If you don’t know who Ricky Skaggs is, then you really don’t know anything about bluegrass and old-time music. It’s important to distinguish those two terms. “Bluegrass” technically didn’t exist before the 1940s. It was literally invented as a form by Bill Monroe, recasting the traditional old time music of his Kentucky and Appalachian roots with a new sound built around his unique mandolin playing. The mandolin took a new role as a centerpiece performing lead instrument in

Monroe’s vision. He was truly a unique American music phenomenon.
Monroe inspired an entire generation of musicians and his influence lives on in all the varieties of bluegrass, newgrass, swing, jazz and a hundred other variations of playing involving the mandolin, but no one has embodied that variety more than a kid from Kentucky named Ricky Skaggs. His father started him out with a mandolin around age 6 and before he was out of his teens, he played on stage with Monroe himself, with childhood buddy Keith Whitley, Flatt and Scruggs and toured with the Stanley Brothers.
Bluegrass and its predecessor, the “old time” music, that was originally the dance music and music played in homes and small communities of the South that had traipsed across the Atlantic from the border regions of Scotland through Ulster and Ireland as immigrants to the New World, settling in the mountains of the South. They brought with them the instruments of their folk music, and it underlay their common life for generations. Like all immigrants, their music was a powerful identity that helped buffer them against the hardships of fitting into a new and strange country that did not always want them.
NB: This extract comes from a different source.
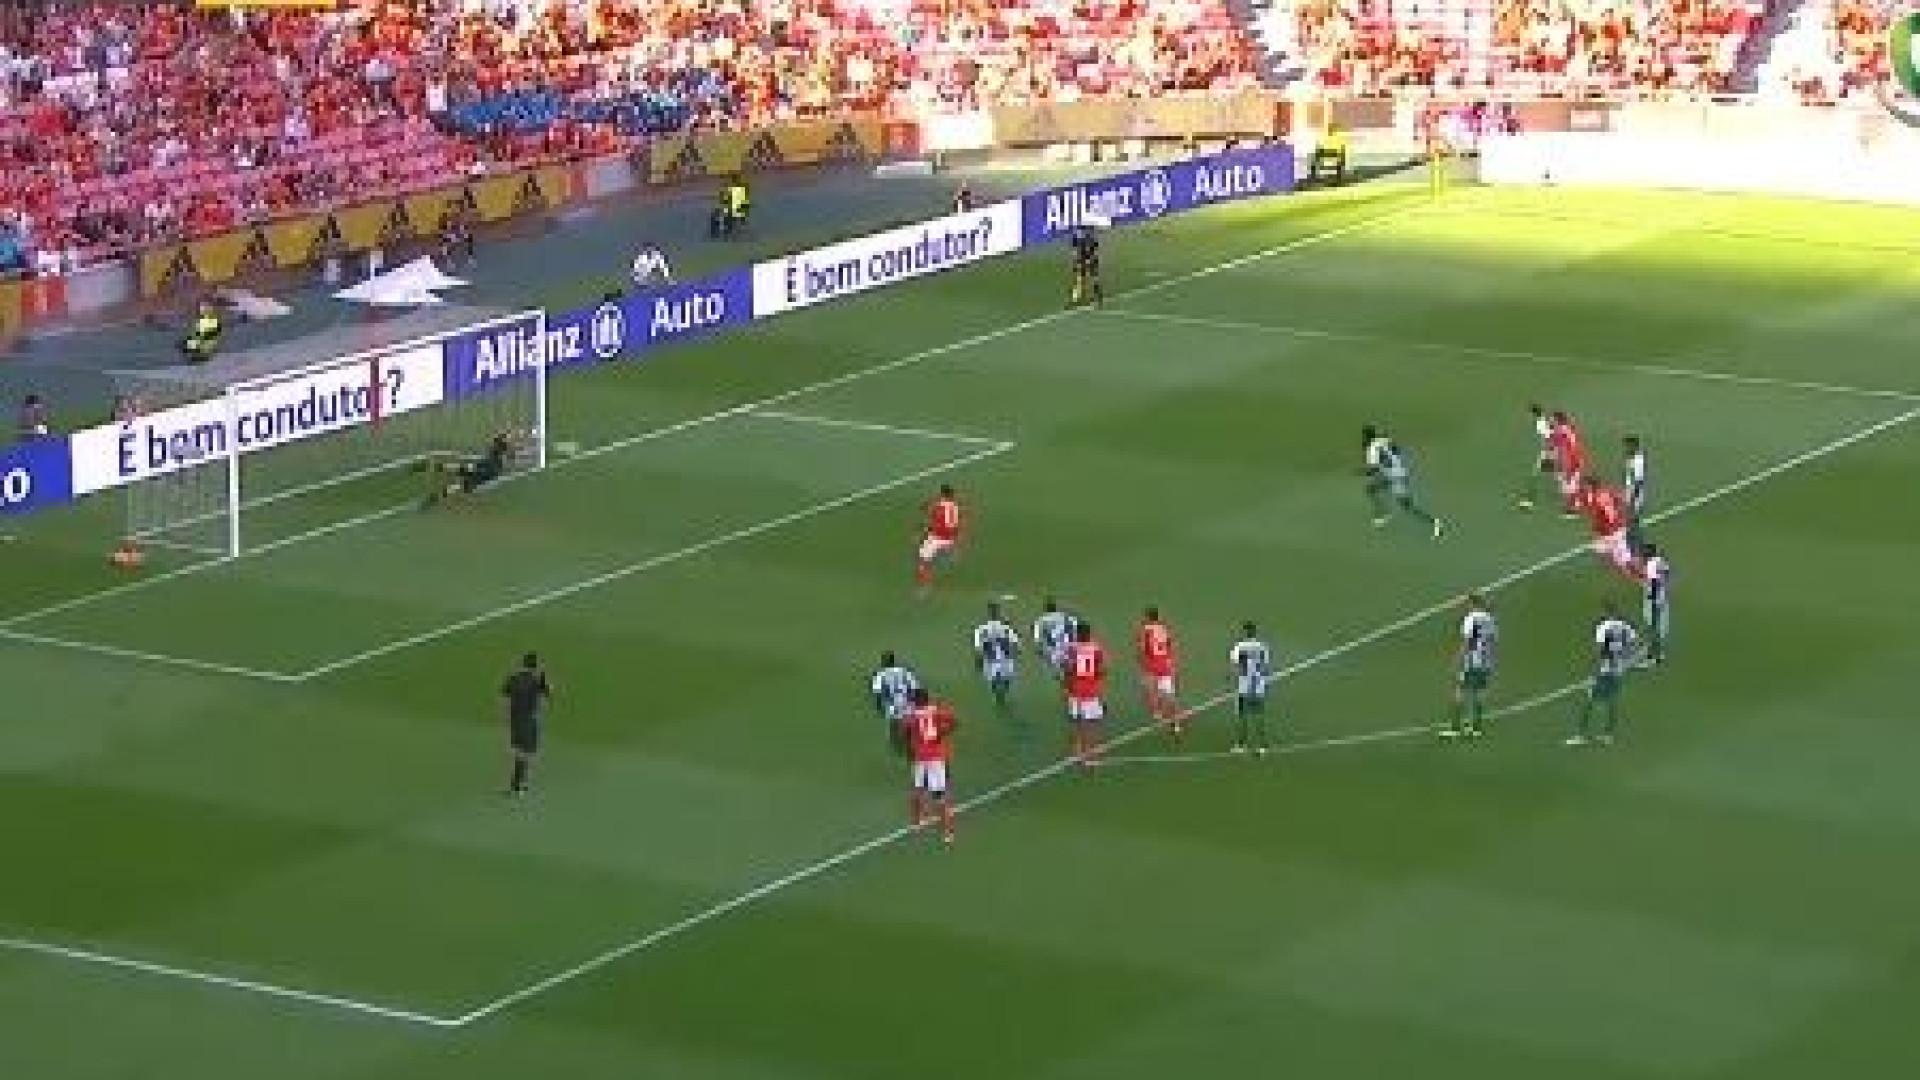 Salvio marca de grande penalidade após falta de Gabriel sobre Seferovic

Like all people, the love for their children motivated their work, way of life, and the sharing of their music. Today, like few other music forms, you will see men in their eighties at a bluegrass festival sitting in a circle jamming with teenagers strumming guitars and 6 year old fiddle and mandolin players. Ricky Skaggs was one of those children.
It gives hope to look at our children and imagine what they might do. They are not jaded yet by our own deep prejudices and ignorant opinions
about “how it is.” So today, I share this video I came across of little RIcky Skaggs, age seven, playing on television with Lester Flatt and Earl Scruggs. Teach your children well. And maybe their elder’s failures will give way to something wonderful, unexpected and new.
Doesn’t conflict at this moment in Lent to me at all, when we are wringing hands, troubled in mind, struggling with hope and anxious to the gills, to pick up my mandolin at home, play a tune, and feel something lift out of the room. Wherever that sound came from (and as a man of faith, I think I know), it says, “There’s still something unexpectedly beautiful up ahead. Go on, and don’t give up.” If you don’t know any seven year olds, I suggest you enlarge your life and bit, get out of yourself, and look for hope in the strings and paintings and delightful voices of the young.